### PROBLEM DESCRIPTION
The whole listing below is to be copied exactly, with every picture left out.

### SOURCE MATERIAL
§

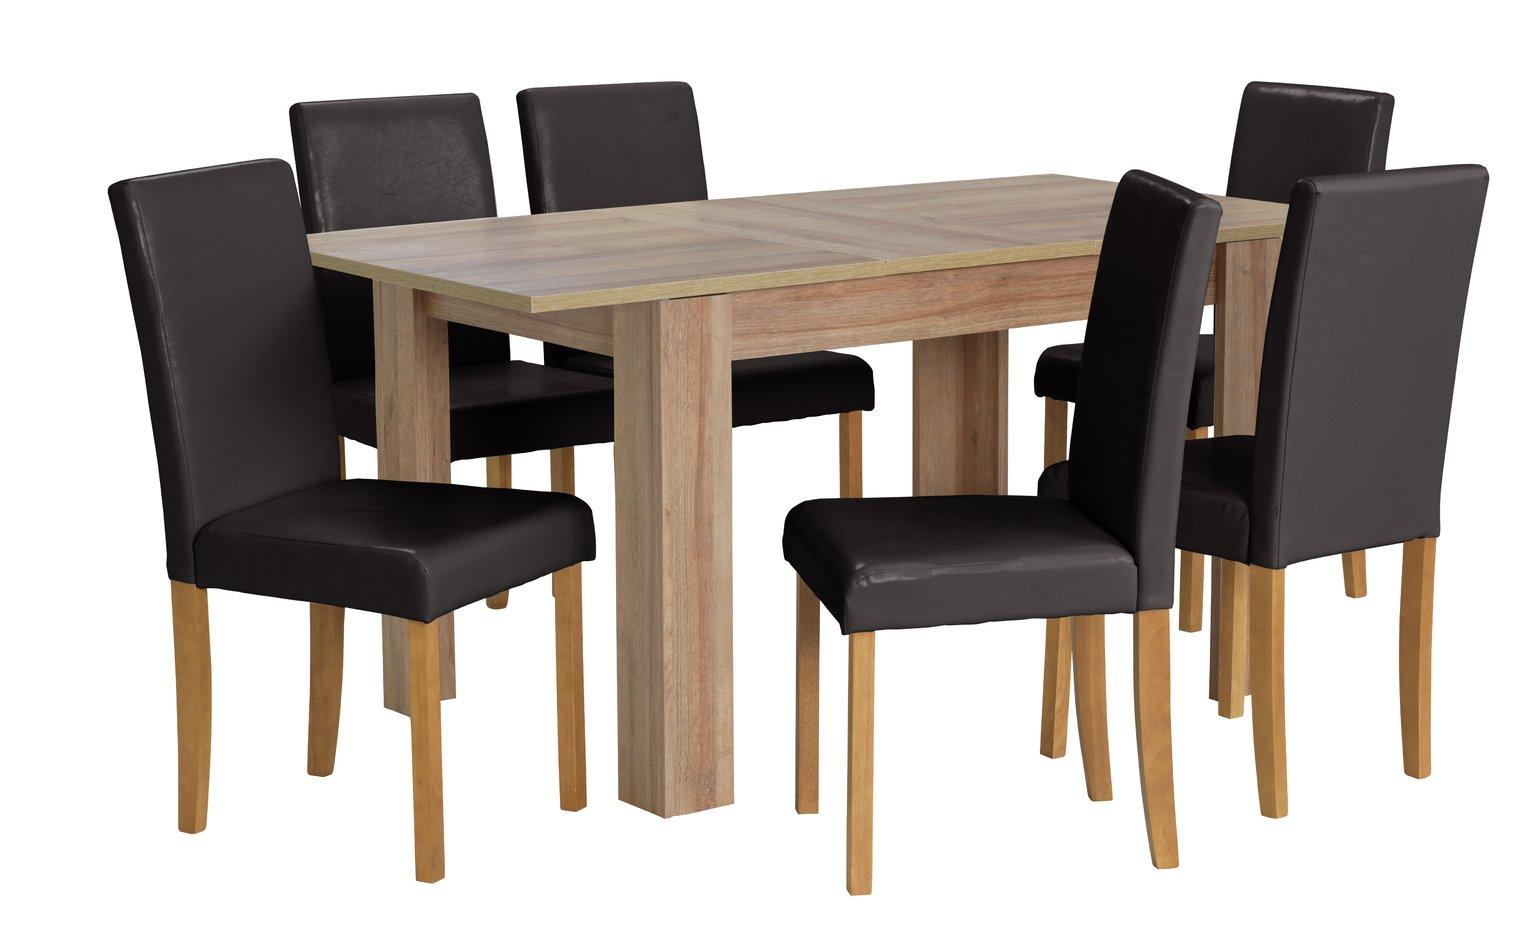 HOME Miami Extendable Oak Veneer Table & 6 Chairs - Black
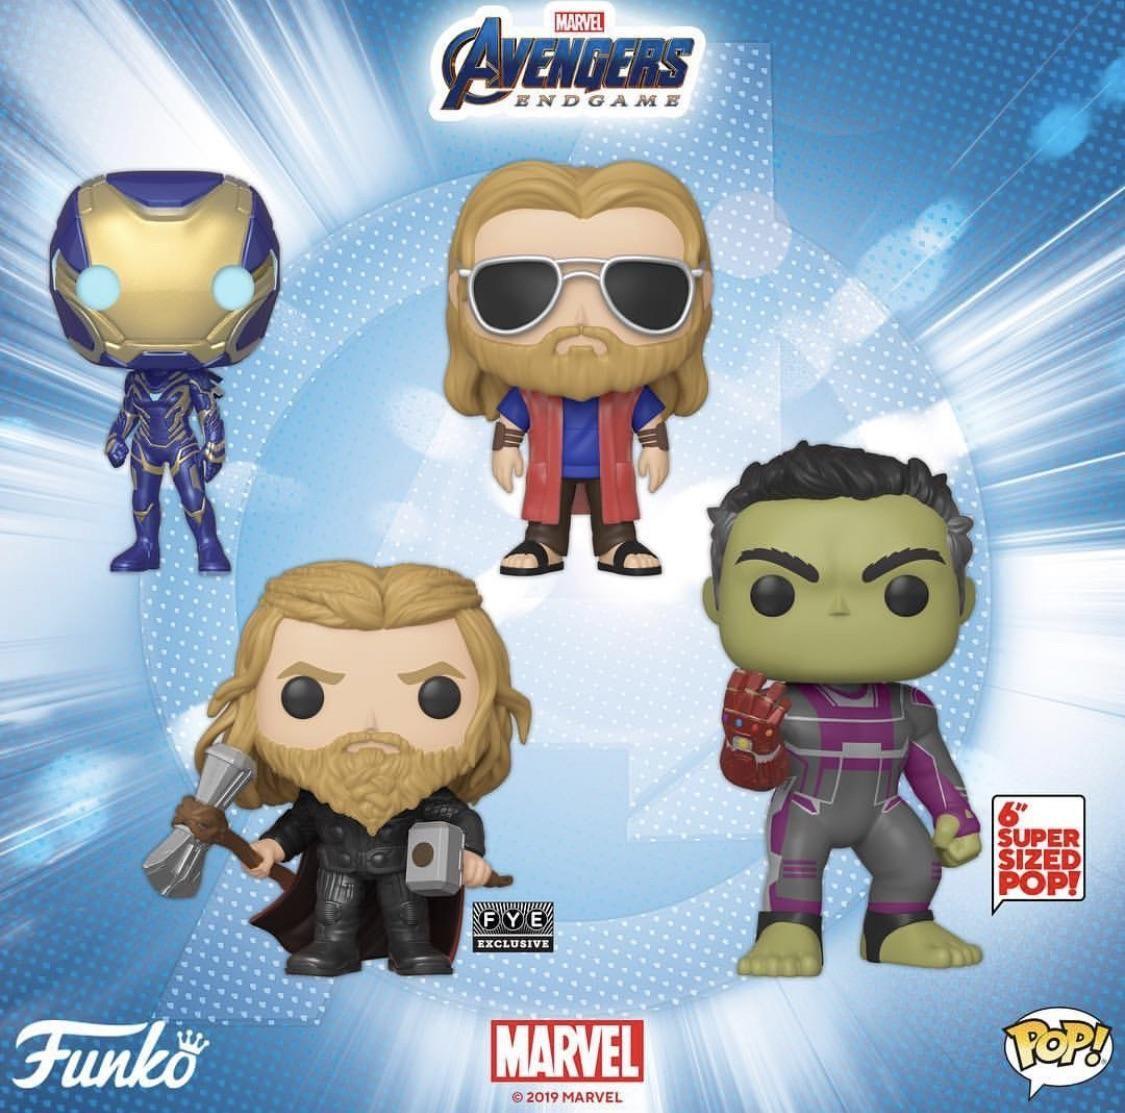 Avengers Endgame Funko Pop Vingadores Funko Pops Marvel Universe
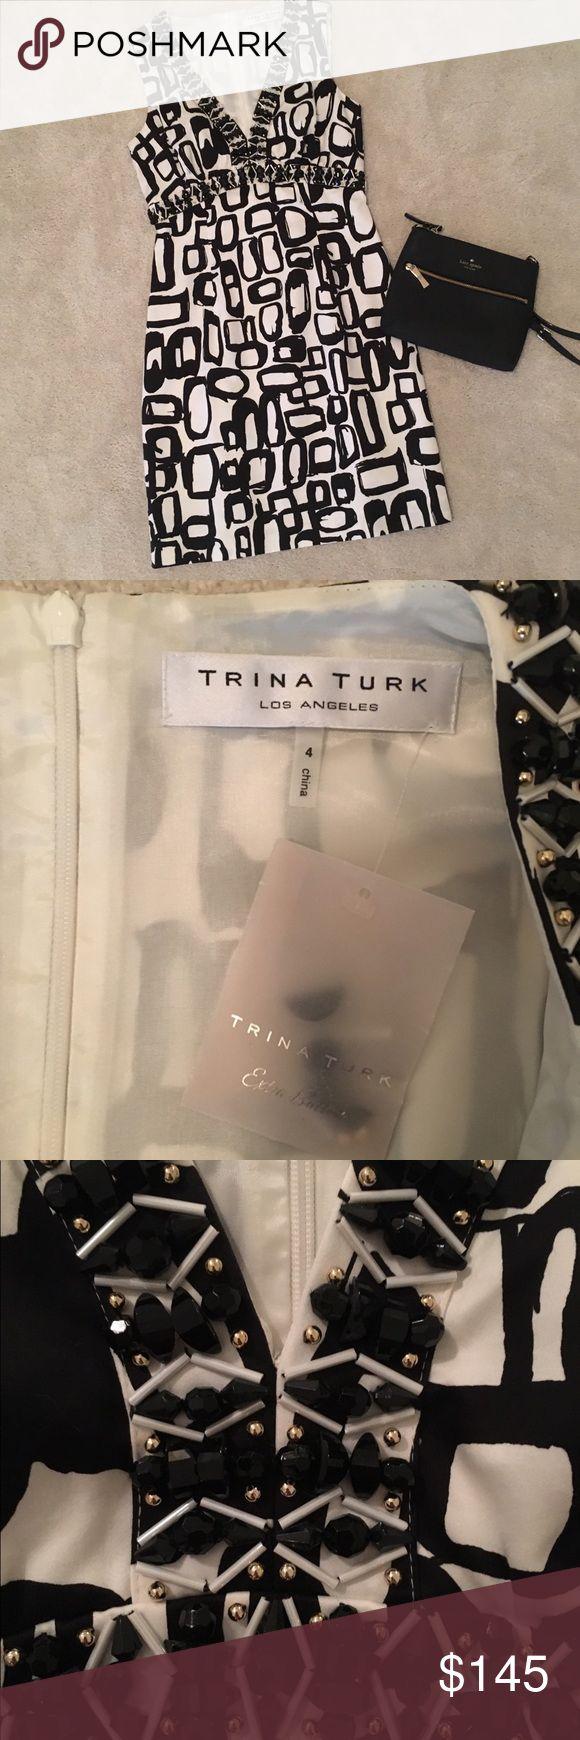 NWT Trina Turk geometric print dress size 4 NWT Trina Turk geometric print dress size 4. V-neck for a flattering shape with a zipper up the back. Beautiful beading on the neck line. 75% cotton, 25% silk lining Trina Turk Dresses Midi

§

### OUTPUT FOR THIS TASK
 HOME Miami Extendable Oak Veneer Table & 6 Chairs - Black
 Avengers Endgame Funko Pop Vingadores Funko Pops Marvel Universe
 NWT Trina Turk geometric print dress size 4 NWT Trina Turk geometric print dress size 4. V-neck for a flattering shape with a zipper up the back. Beautiful beading on the neck line. 75% cotton, 25% silk lining Trina Turk Dresses Midi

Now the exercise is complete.